You replaced the cam and lifters. Were the timing gear marks aligned properly? Is it the correct firing order for the new camshaft? What type of rocker arms and studs are on the car? If it is the old positive stop rail rockers, fine, just tighten and go. If it is studs with adjustable rocker arms, how did you preset the rocker arms? Align the timing pointer to 10 before TDC, or TDC. Pull the cap and make sure the rotor is pointing to #1, and both rockers on the #1 cylinder should be up with little to no spring compression. If it is a points ignition, is the gap within spec? Are the plug gaps correct for they type of ignition system you are using? Have you documented the compression on all 8 cylinders? If so, how close are they to each other? Is the carb filling with fuel? When the throttle lever is actuated, does any fuel spray from the jets into the primaries?
I did all that already and went back over it a couple times... the compression is very low but that shouldn't prevent an explosion when spark, fuel, and air mix... I should still get a bump or two even if it stalls out after 2 seconds right?
When installing I matched them with the old ones and they were the same size. I also cycled the engine by hand to see that all rockers moved smoothly and valves closed completely. I understand that the engine won't stay running if I had these problems you've all mentioned but I can't even get it to turn over for 1 second. Nothing, not even a fast turn and backfire.. you take the carb off and spray starter fluid down the intake it should at least backfire right? I got nothing...
I dunno if it applies to automobile engines but I've run lawn mower engines at 25psi(leaking valve). At the least, it proves when spark happens there was a explosion. Meaning there should be at least a poof or pop now and then. If cylinders are "washed" with gas, squirting a half ounce of motor oil in cylinders will bring compression up. If it doesn't increase, problem is a valve/timing issue. If plugs are not new, usually they won't fire when wet with gas.
60 should be enough for ignition. I assume this was a running engine immediately prior to the cleanup? When you replaced the points, was the condenser also replaced?
Have you gotten this engine running?

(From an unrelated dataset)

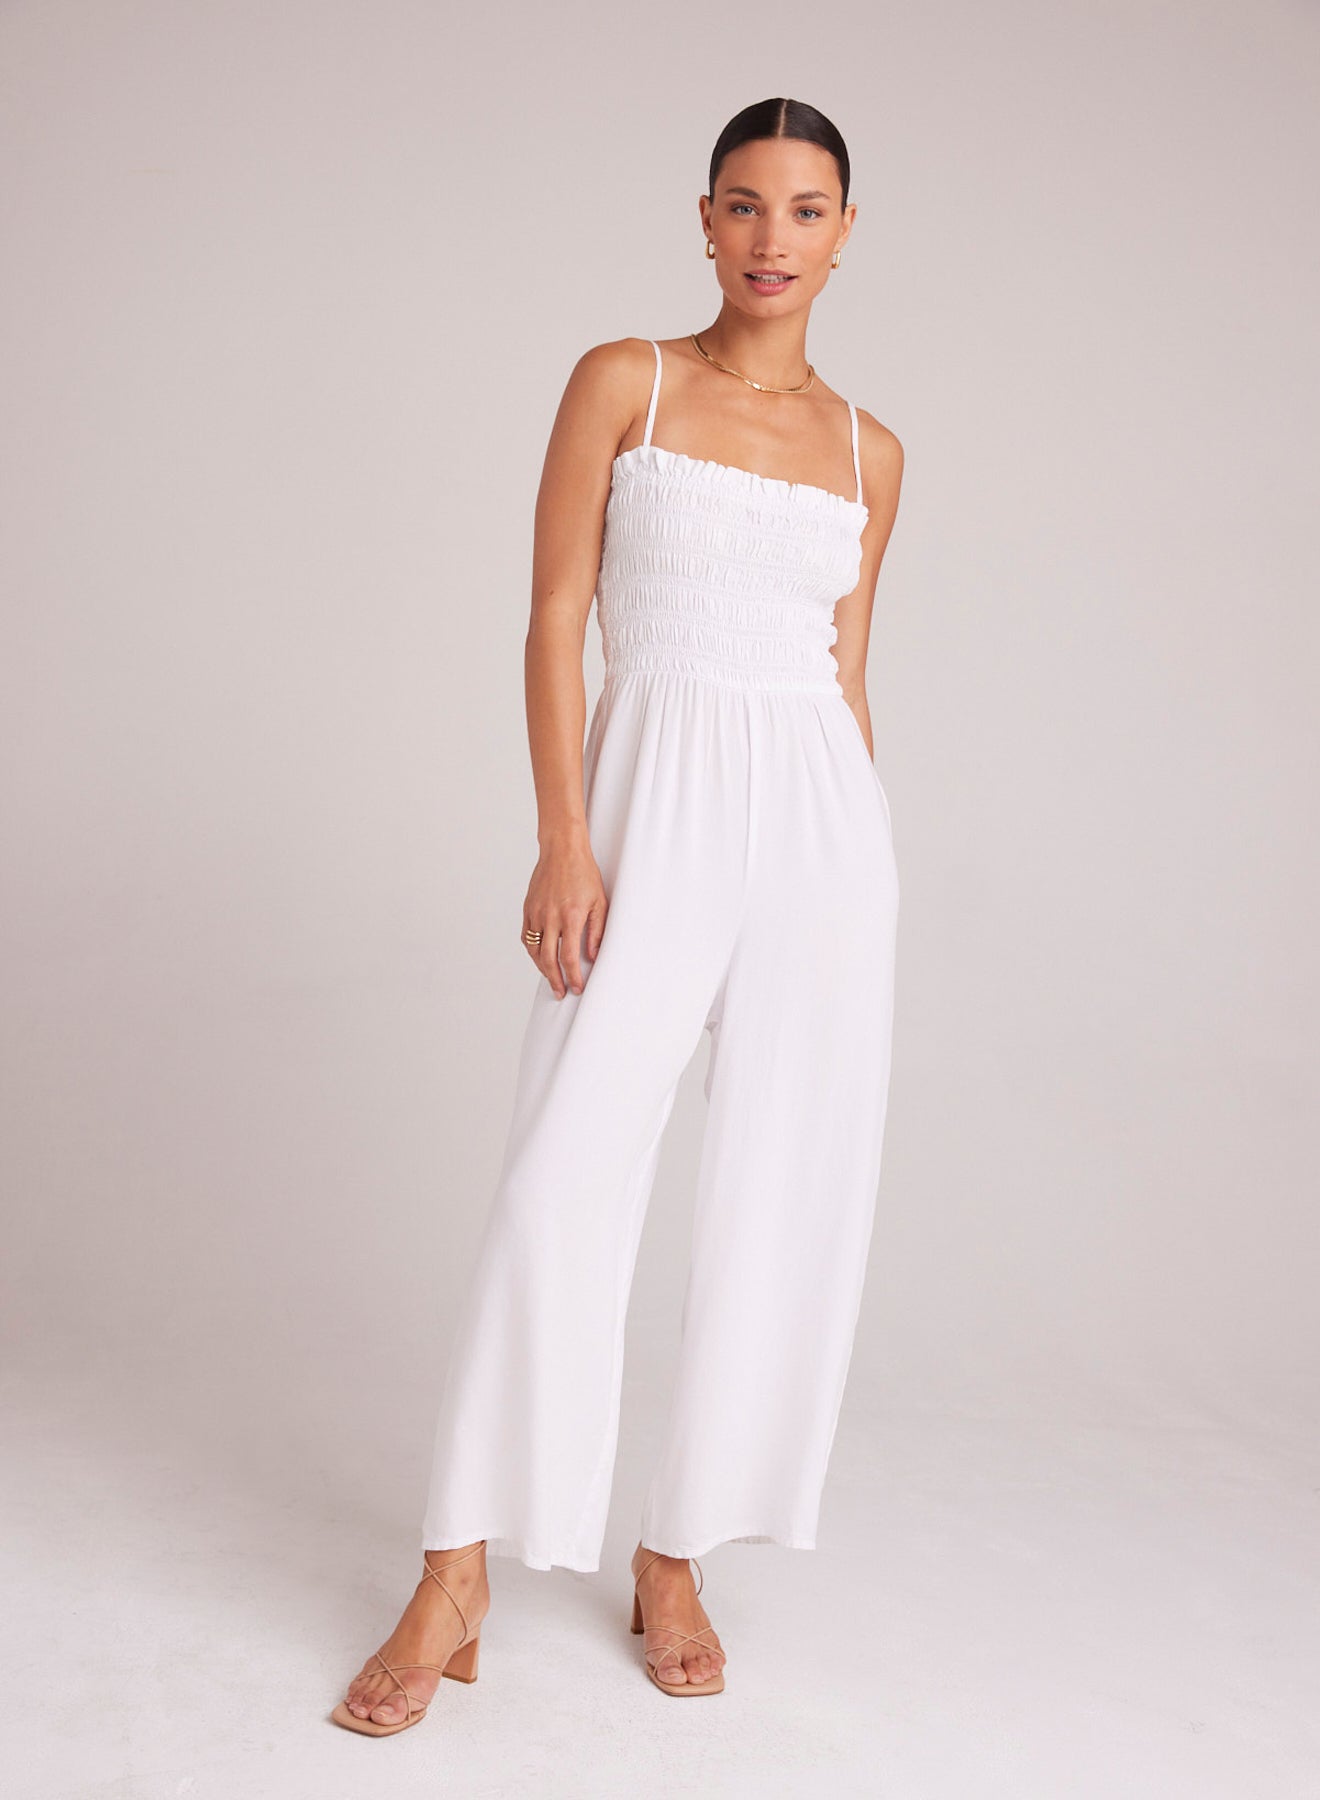 Bella DahlWide Leg Smocked Ruffle Jumpsuit - WhiteJumpsuits & Rompers

How did you determine the valves were closing completely by cycling the engine? More detail please.
Yes points and condenser but I didn't buy it running so I can only assume based off the sellers info which was about a year ago now..
It was on a stand before install so I inspected all valves through exhaust ports and also before installing the heads. That was part of the top end rebuild to clean and seat each valve.
Are you absolutely positively sure you do not have the valve lash set too tight, therefore the valves are not allowed to entirely close or close late? That would lead to low compression and prevent the engine from firing. I use the following procedure for hydraulic lifters:
I've also attached a PDF file with the same instructions. The picture in my previous post may be difficult to read.
A stock 302/351 to '77 or so does not have a valve lash adjustment, these use positive stop rocker studs. Of course it may be possible to replace the jamb nuts with adj type and use locks. What I can't remember is if the thread pitch is same. With positive stop studs, adj nuts would allow opening lash but not reducing it.
Crazy Comet you are correct on a stock 302. But now after having looked back over this thread which began in 2016 and then jumped to very recent posts, I'm not sure we are discussing an in line 6 or a V8 engine not starting.